- _Exercise data_:
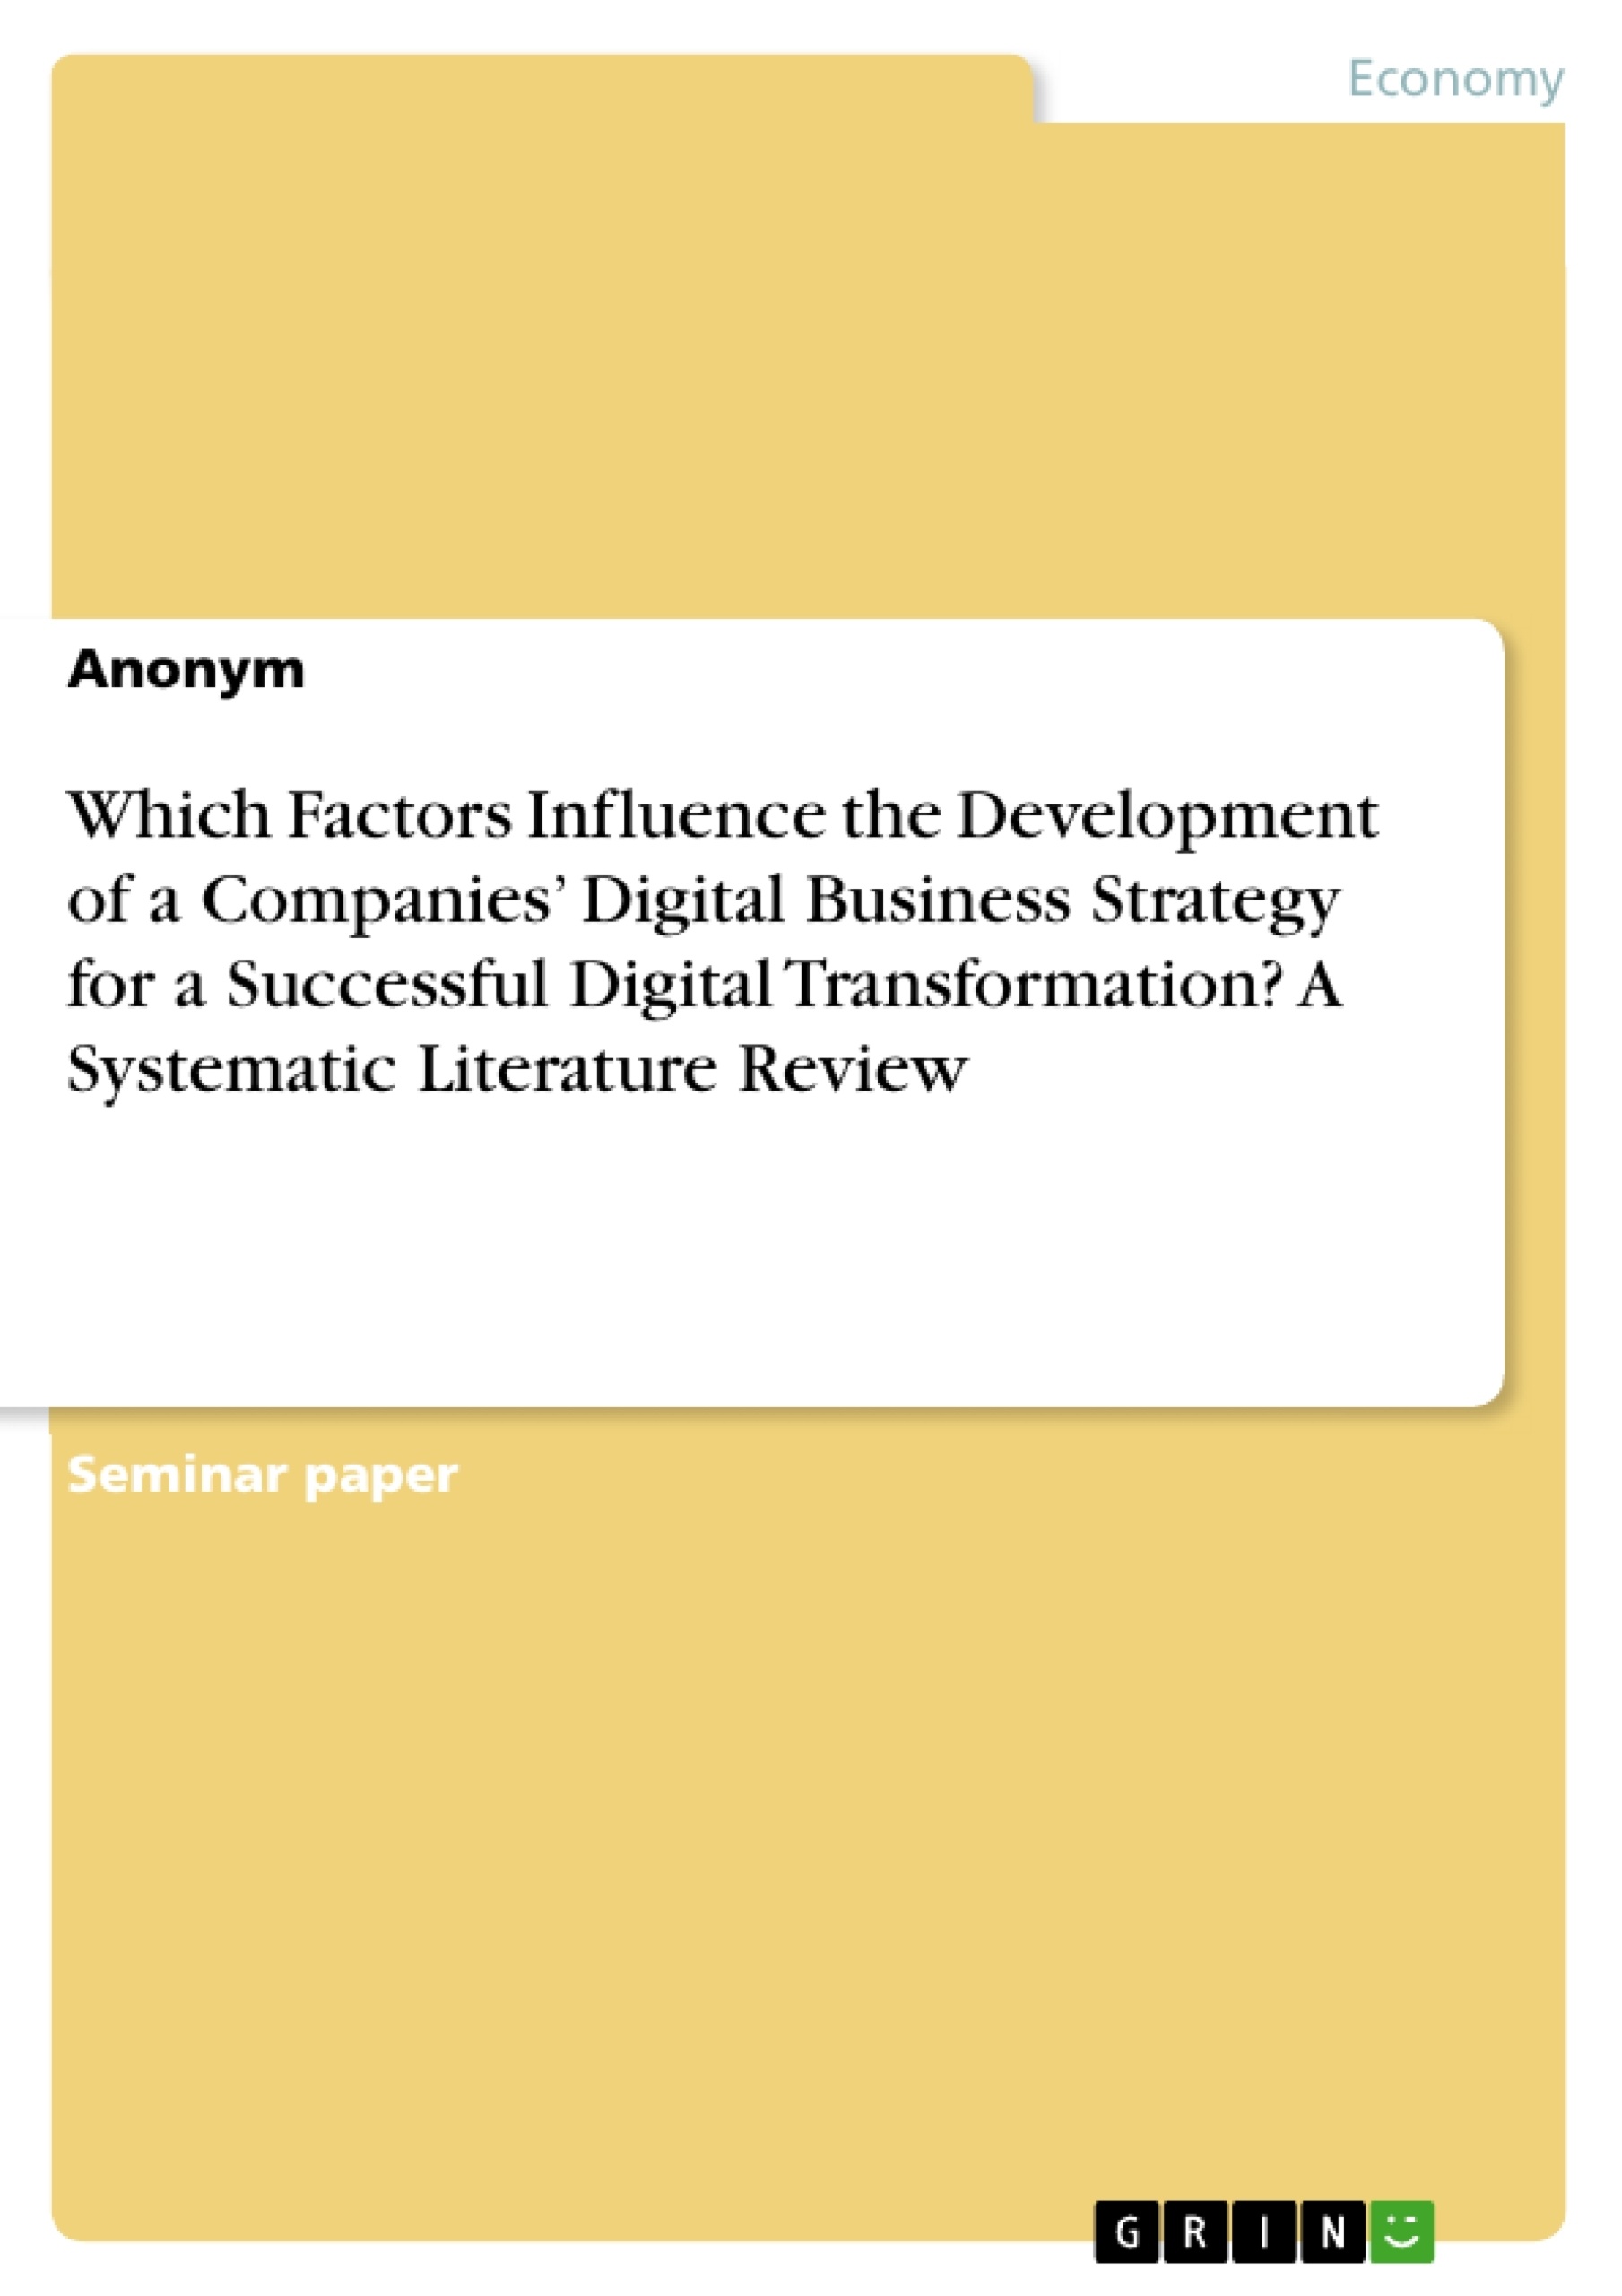 Title: Which Factors Influence the Development of a Companies’ Digital Business Strategy for a Successful Digital Transformation? A Systematic Literature Review
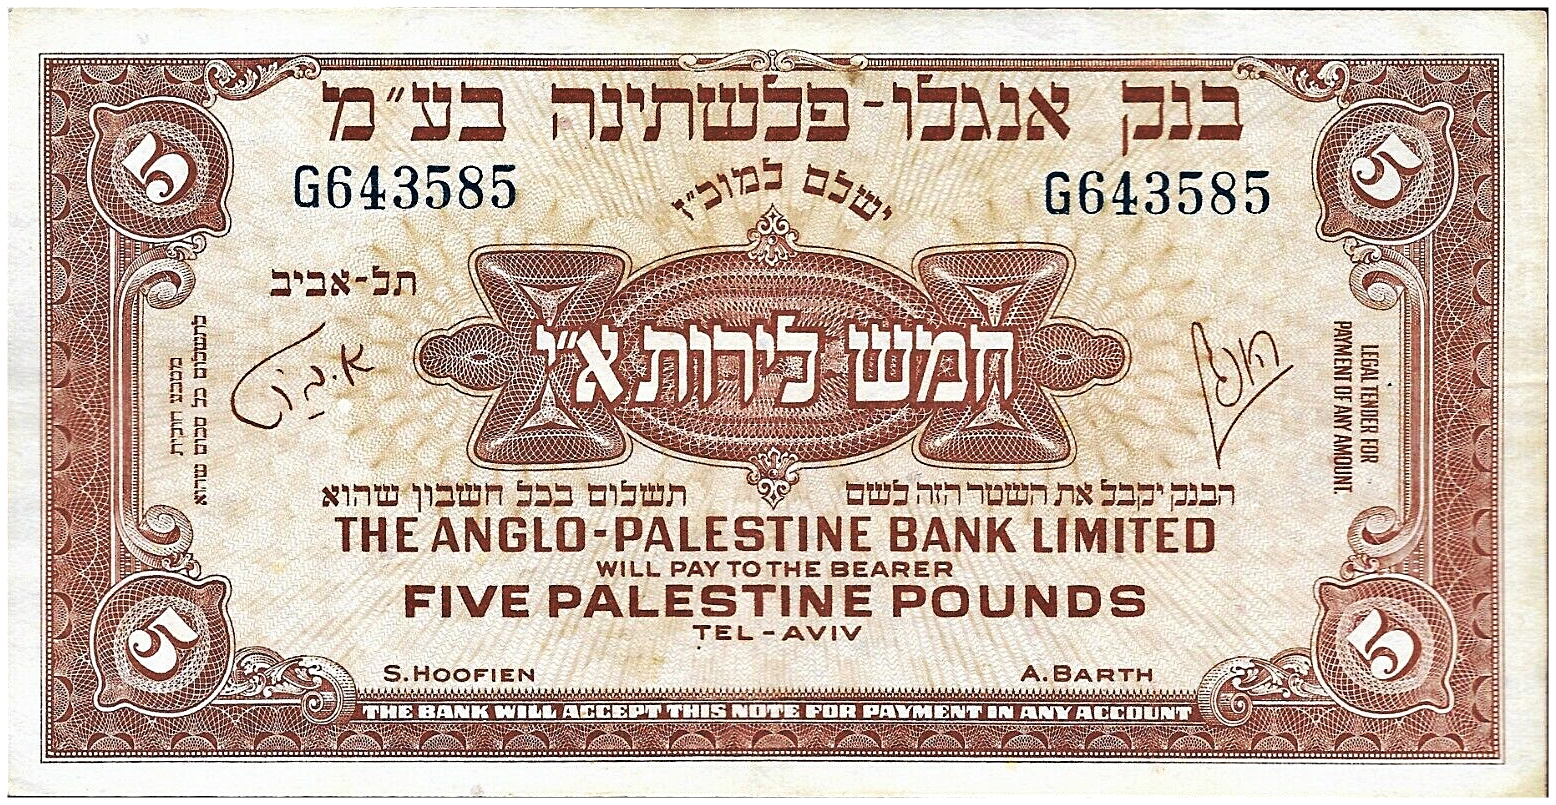 Issuer Israel Issuing bank Anglo-Palestine Bank Limited Period State of Israel (1948-date) Type Standard banknote Years 1948-1952 Value 5 Palestine Pounds Currency Palestine Pound (1948-1949) Composition Paper Size 105 × 68 mm Shape Rectangular Demonetized 23 June 1952 Number N# 207999 References P# 16
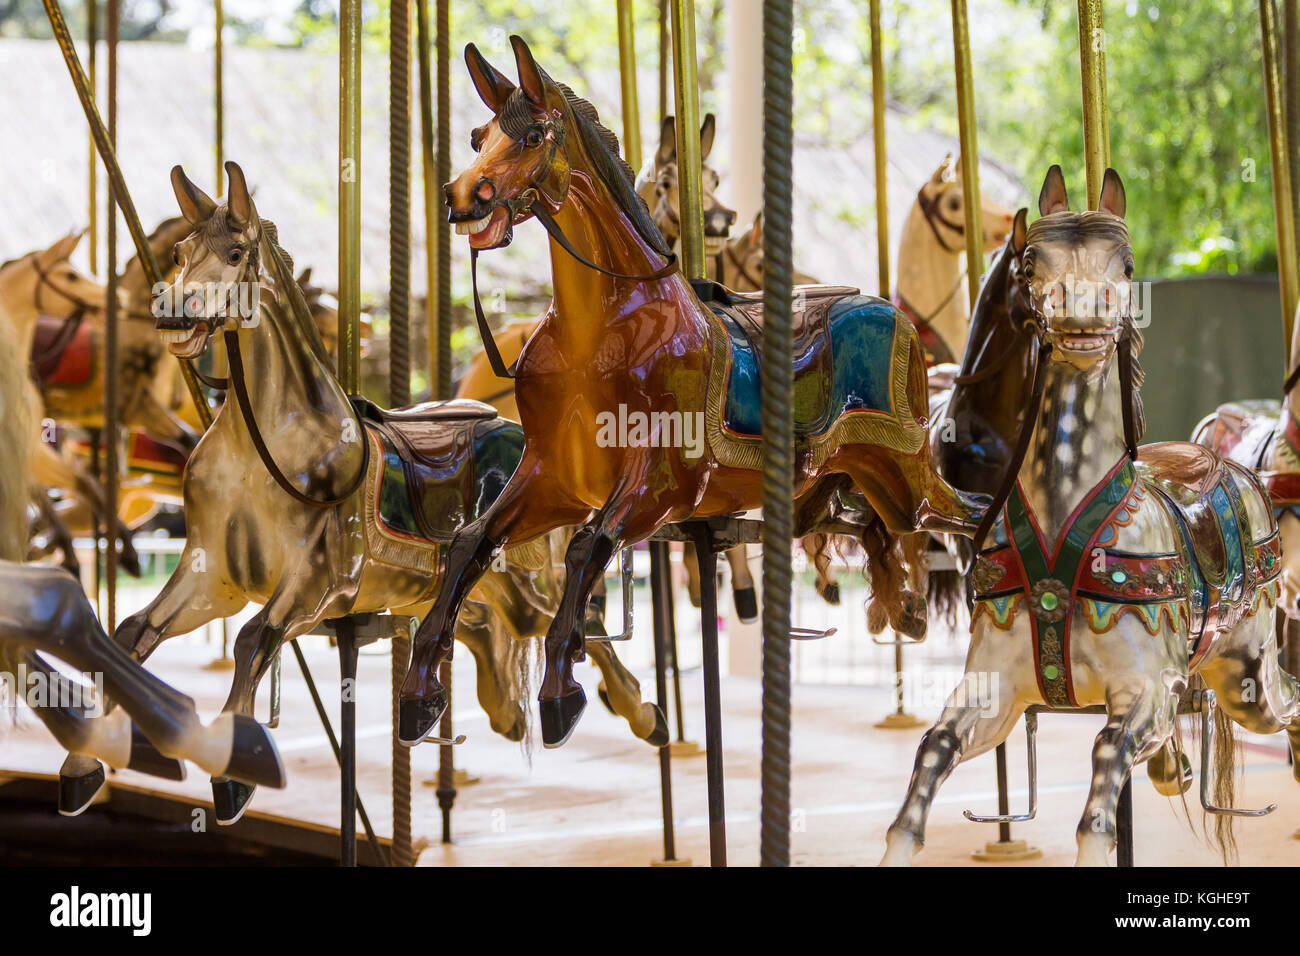 A horse merry go round ( or Carousel) Stock Photo

- _What you need to do_:
Return the listing exactly as it appears, excluding any image.

- _Expected answer_:
 Title: Which Factors Influence the Development of a Companies’ Digital Business Strategy for a Successful Digital Transformation? A Systematic Literature Review
 Issuer Israel Issuing bank Anglo-Palestine Bank Limited Period State of Israel (1948-date) Type Standard banknote Years 1948-1952 Value 5 Palestine Pounds Currency Palestine Pound (1948-1949) Composition Paper Size 105 × 68 mm Shape Rectangular Demonetized 23 June 1952 Number N# 207999 References P# 16
 A horse merry go round ( or Carousel) Stock Photo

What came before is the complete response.